Note that there are now infinitely many answers!

Answer 2

This answer is inspired by the logically-pure code that @false presented in his answer.

Let's use the meta-predicate tfilter/3 and reified term inequality dif/3 and simply write:

?- Vs0 = [1,2,3,4], tfilter(dif(4),Vs0,Vs).
Vs0 = [1,2,3,4],
Vs  = [1,2,3  ].                      % succeeds deterministically

?- Vs0 = [1,2,3,4,2,3,4], tfilter(dif(2),Vs0,Vs).
Vs0 = [1,2,3,4,2,3,4],
Vs  = [1,  3,4,  3,4].                % succeeds deterministically

The implementation of delete/3 boils down to:

delete(E,Vs0,Vs) :-
   tfilter(dif(E),Vs0,Vs).

Like @false's code this implementation is monotone, which makes the predicate versatile and enables you to get logically sound answers even when working with non-ground terms.

Finally, let's have a quite general query and look at all answers:

?- Vs0 = [X,Y,Z], delete(E,Vs0,Vs).
Vs0 = [X,Y,Z],     E=X ,     E=Y ,     E=Z , Vs = [     ] ;
Vs0 = [X,Y,Z],     E=X ,     E=Y , dif(E,Z), Vs = [    Z] ;
Vs0 = [X,Y,Z],     E=X , dif(E,Y),     E=Z , Vs = [  Y  ] ;
Vs0 = [X,Y,Z],     E=X , dif(E,Y), dif(E,Z), Vs = [  Y,Z] ;
Vs0 = [X,Y,Z], dif(E,X),     E=Y ,     E=Z , Vs = [X    ] ;
Vs0 = [X,Y,Z], dif(E,X),     E=Y , dif(E,Z), Vs = [X,  Z] ;
Vs0 = [X,Y,Z], dif(E,X), dif(E,Y),     E=Z , Vs = [X,Y  ] ;
Vs0 = [X,Y,Z], dif(E,X), dif(E,Y), dif(E,Z), Vs = [X,Y,Z].

Answer 3

One cryptic way to get rid of cryptic variable names is to use numbervars/3, for example,

?- length(X, 3).
X = [_G2019, _G2022, _G2025].

?- length(X, 3), numbervars(X, 0, _).
X = [A, B, C].

Now to your delete/3. Apart from other minor problems, like unusual order of the arguments, unusual order of the clauses, etc, you have one major problem: in the second clause, you put a new, anonymous variable where the element of the original list should have been.

delete(X, [Y|Ys], [Y|Zs]) :- delete(X, Ys, Zs).
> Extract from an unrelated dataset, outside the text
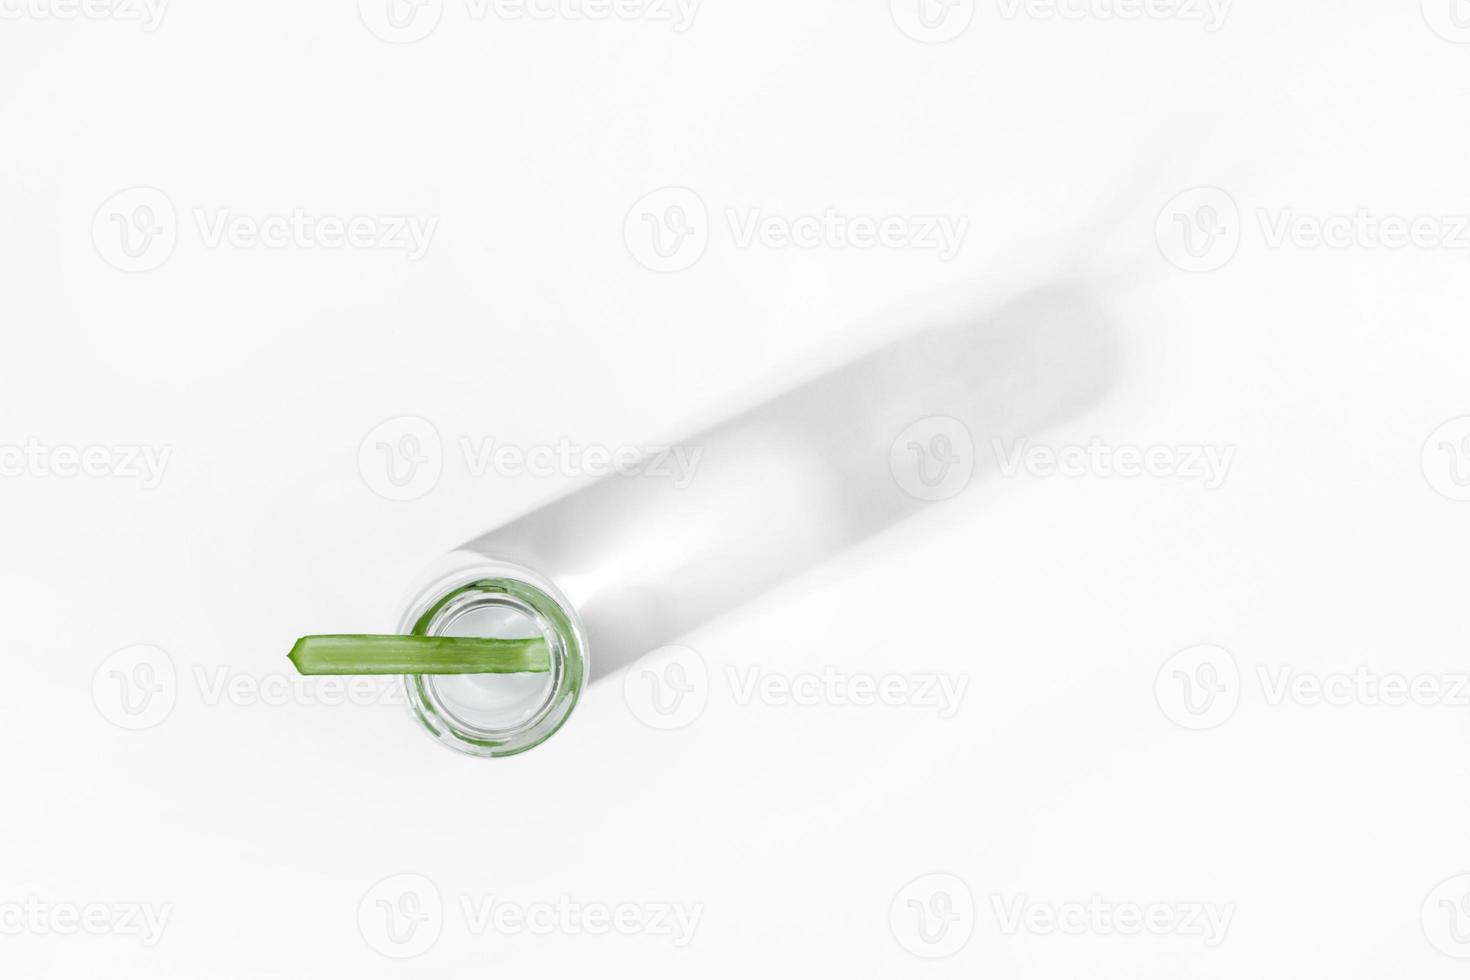 organic cosmetics, natural cosmetics, biofuels, algae. Natural green laboratory. Experiments. Glass laboratory jar with green plants on a light background. photo

With this in the second clause, it sort of works:

?- delete(4, [1,2,3,4], L).
L = [1, 2, 3] .

?- delete(2, [1,2,3,4,2,3,4], L).
L = [1, 3, 4, 3, 4] .

There are further problems with your implementation. You can look at the implementation of the same predicate in library(lists) from SWI-Prolog: read the documentation, too!